U.S. intelligence officials are warning President Obama that North Korea intends to conduct another nuclear test in response to passage of a U.N. Security Council resolution this week condemning the communist country for its recent nuclear and ballistic missile tests, FOX News has learned.
By James Rosen
FOXNews.com
U.S. intelligence officials have warned President Obama and other senior American officials that North Korea intends to respond to the looming passage of a U.N. Security Council resolution this week -- condemning the communist country for its recent nuclear and ballistic missile tests -- with another nuclear test, FOX News has learned.
What's more, Pyongyang's next nuclear detonation is but one of four planned actions the Central Intelligence Agency has learned, through sources inside North Korea, that the regime of Kim Jong-Il intends to take -- but not announce -- once the Security Council resolution is officially passed, likely on Friday.
The other three actions include the reprocessing of all of the North's spent plutonium fuel rods into weapons-grade plutonium; a major escalation in the North's uranium-enrichment program; and the launching of another Taepodong-2 intercontinental ballistic missile from the Yunsong military complex on the west coast of North Korea.

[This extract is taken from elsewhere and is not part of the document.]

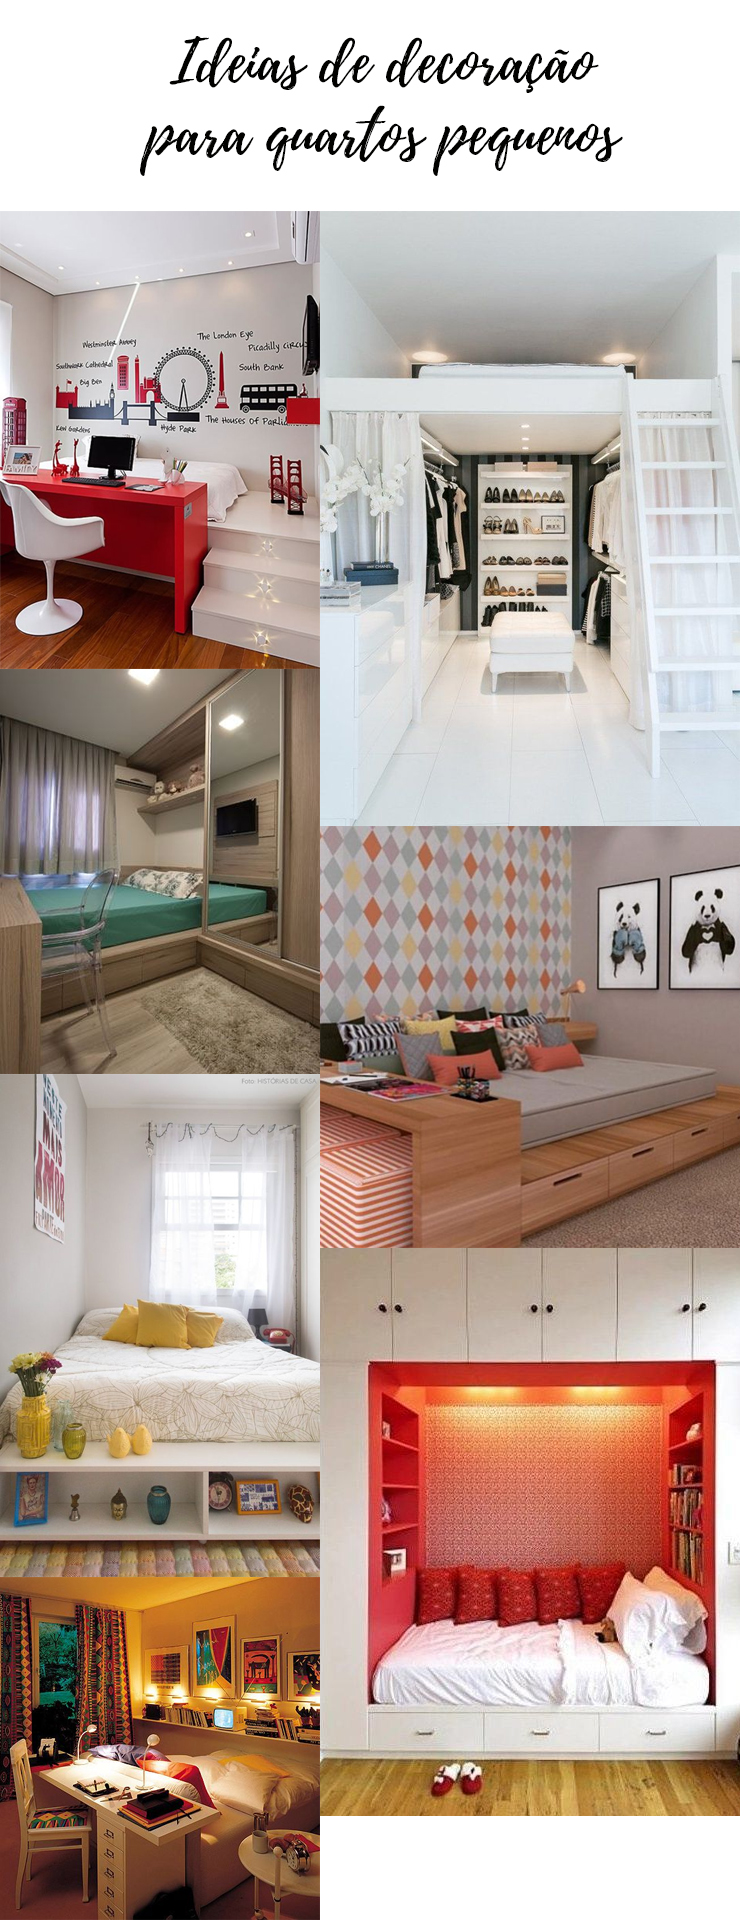 ideias de decoração para quartos pequenos - grandes mulheres

The North last launched a Taepodong-2 on April 5; it conducted its second nuclear test in the last three years on Memorial Day.
The intelligence community only learned of North Korea's plans this week, prompting CIA to alert senior officials. Asked who would be briefed on this kind of data, a source told FOX News: "The top people: POTUS, DNI." "POTUS" is acronym for the president of the United States; "DNI" refers to the director of the Office of National Intelligence.
FOX News is withholding some details about the sources and methods by which American intelligence agencies learned of the North's plans so as to avoid compromising sensitive overseas operations in a country -- North Korea -- U.S. spymasters regard as one of the world's most difficult to penetrate.
A White House official, contacted by FOX News, declined to comment, saying only that the U.S. government never speaks publicly about intelligence matters.
As top Obama administration officials weigh this prized data and what actions they might take to counter North Korea's plans for a third nuclear test, American intelligence analysts have also encountered setback in their efforts to track developments in the reclusive Stalinist country.
Where U.S. officials had observed the arrival of the first-stage transporter for a Taepodong-2 at Yunsong by June 2, leading to predictions of an imminent launch by officials as high-ranking as Defense Secretary Robert Gates, sources now tell FOX News they see no significant activity consistent with an imminent launch.
"The TD-2 activity has been rather dormant," one source said.
As well, where American intelligence officials on June 9 observed components for the long-range Musudan missile leaving the Wapo-ri installation area, they have now "lost track of them," FOX News has learned.
"We spotted the TELs [Transporter-Erector-Launchers] and then we lost track of them," a source said. "NGA lost track."
NGA refers to the National Geospatial-Intelligence Agency, a unit the Defense Department that provides imagery and geospatial information for military and civilian purposes.
"It's disturbing," the source added.
As well, despite multiple tests, U.S. scientists have only reached inconclusive results in their efforts to use air samplings collected over the Korean Peninsula in the days after the Memorial Day detonation to confirm with 100 percent certainty that North Korea conducted a nuclear test, as is still widely believed.